> Despite what one might think at first, writing documentation is not
> easier than writing code, and is, IMHO, harder. To write good manual
> pages---the Bell Labs man pages are simply great and from reading the

i agree with your points, but i think there are two additional facts to 
consider.

1.  software is often not intrinsicly hard to write.  the hard bit is the 
experience
that goes into discovering *what* to write, and which of the many implementation
techniques really wins.

so the skills needed to write the man page differ from the skills needed to
write, and that difference is largely experience, i think you've made an 
excellent
argument that writing a few man pages is an excellent exercize for anyone,
most especially a gifted student or newcomer to plan 9.

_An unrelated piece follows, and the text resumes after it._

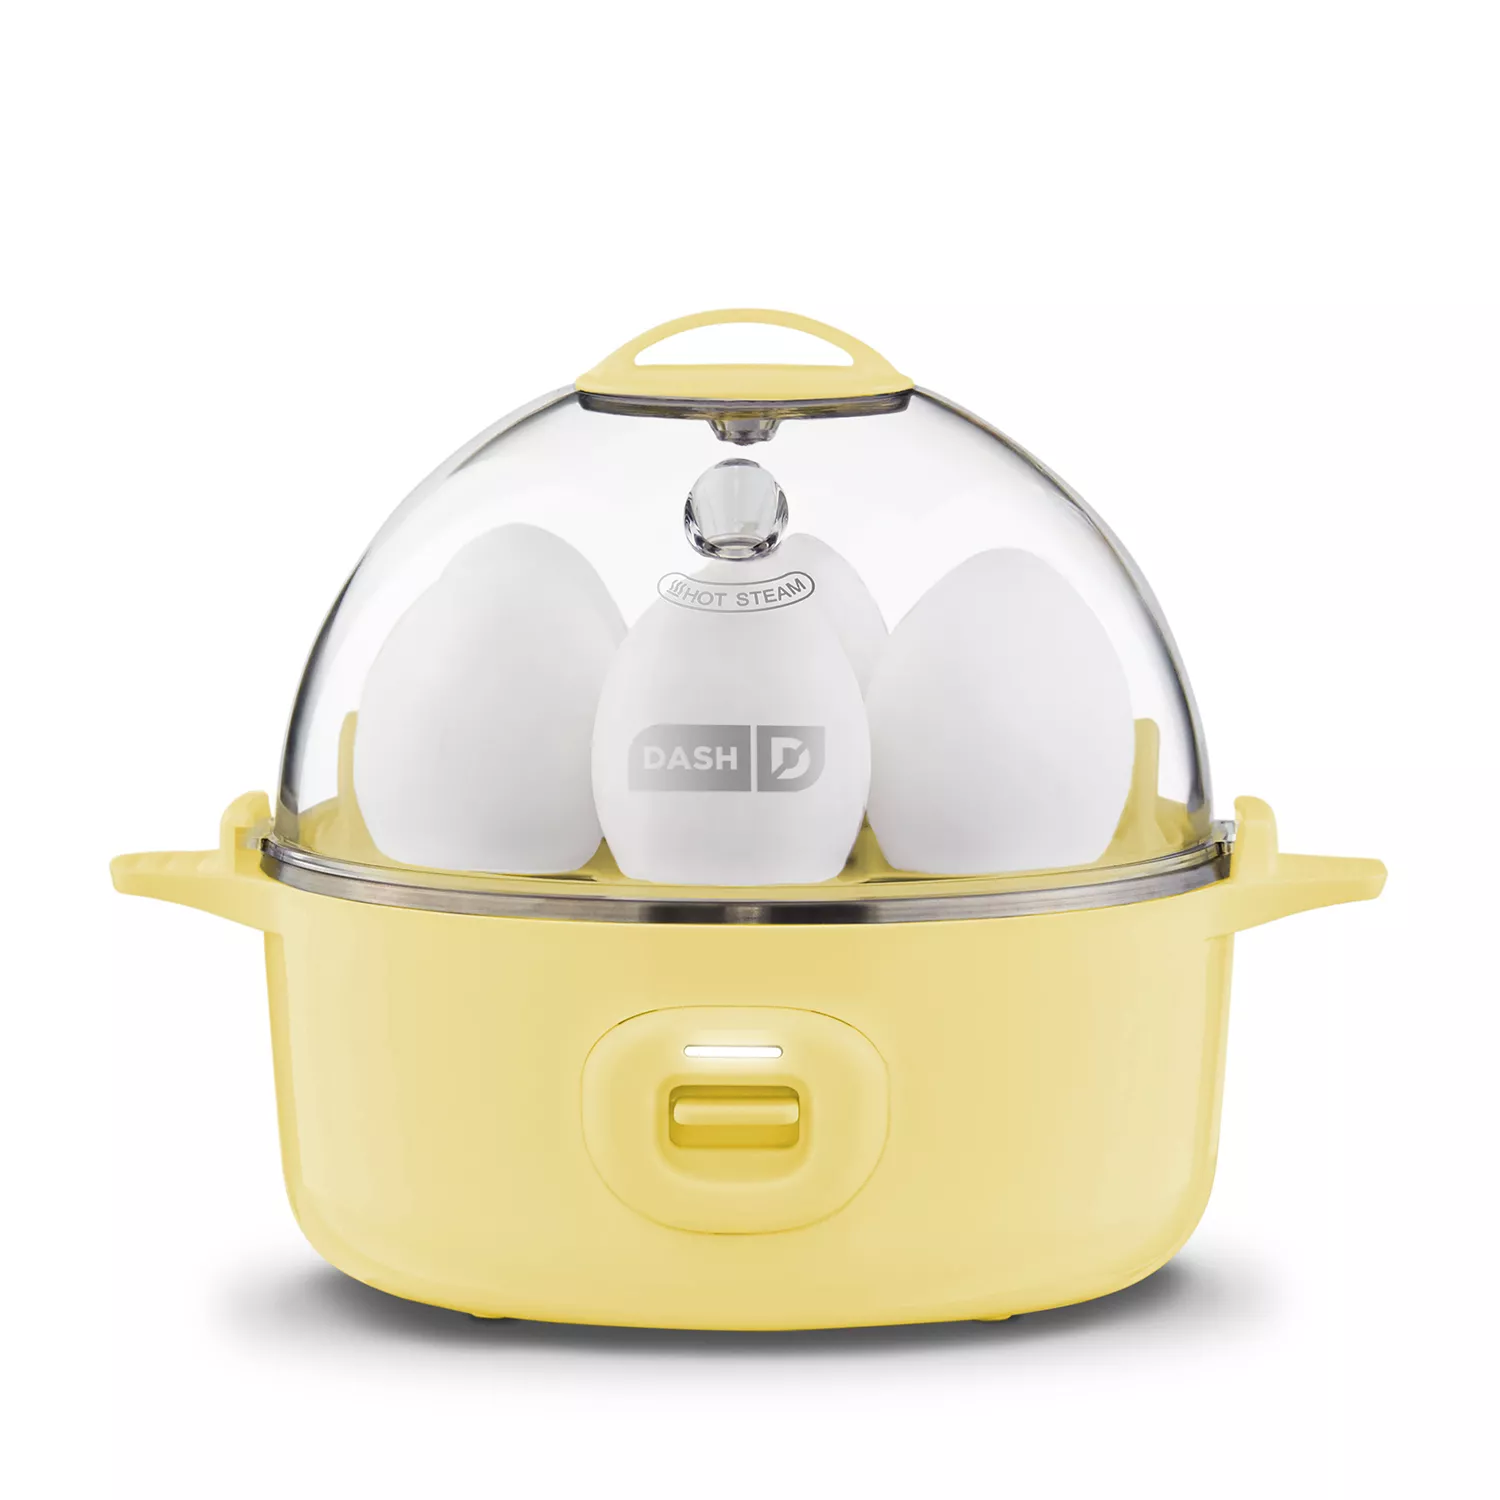 DASH Express Electric Egg Cooker, Yellow

2.  perfection should not be the enemy of good.  if the manual page is
currently missing, a passible man page is better than nothing, so long as
it is humble and doesn't try to explain things that are not properly understood.
which is to say, incomplete is fine, but wrong is not.

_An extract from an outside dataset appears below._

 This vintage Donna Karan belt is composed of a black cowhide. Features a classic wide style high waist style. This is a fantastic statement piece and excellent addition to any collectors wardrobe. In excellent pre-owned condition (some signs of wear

> So, IMHO, one embarking in writing manual pages, should start by writing
> in one's native tong taking the Bell Labs man pages as an example. And
> once there is nothing more to remove and the manual page is considered
> good (simplicity is the shortest way to truth), let the translation in 
> "C" (pseudo-english) begin.

having lived and worked in a non-english-speaking country, i think this may
vary by individual.  translating back and forth was too much work and too
distracting for me.  additionally, i found the x:y language dictionaries to be
especially inaccurate for technical terms.  in fact, in the professional area i
worked in, to this day, i don't know the field's technical jargon in english.
i never learned it.

an odd thesis that i probablly don't have time to investigate: man pages
are lower vocabulary complexity than natural language, if jargon is set aside.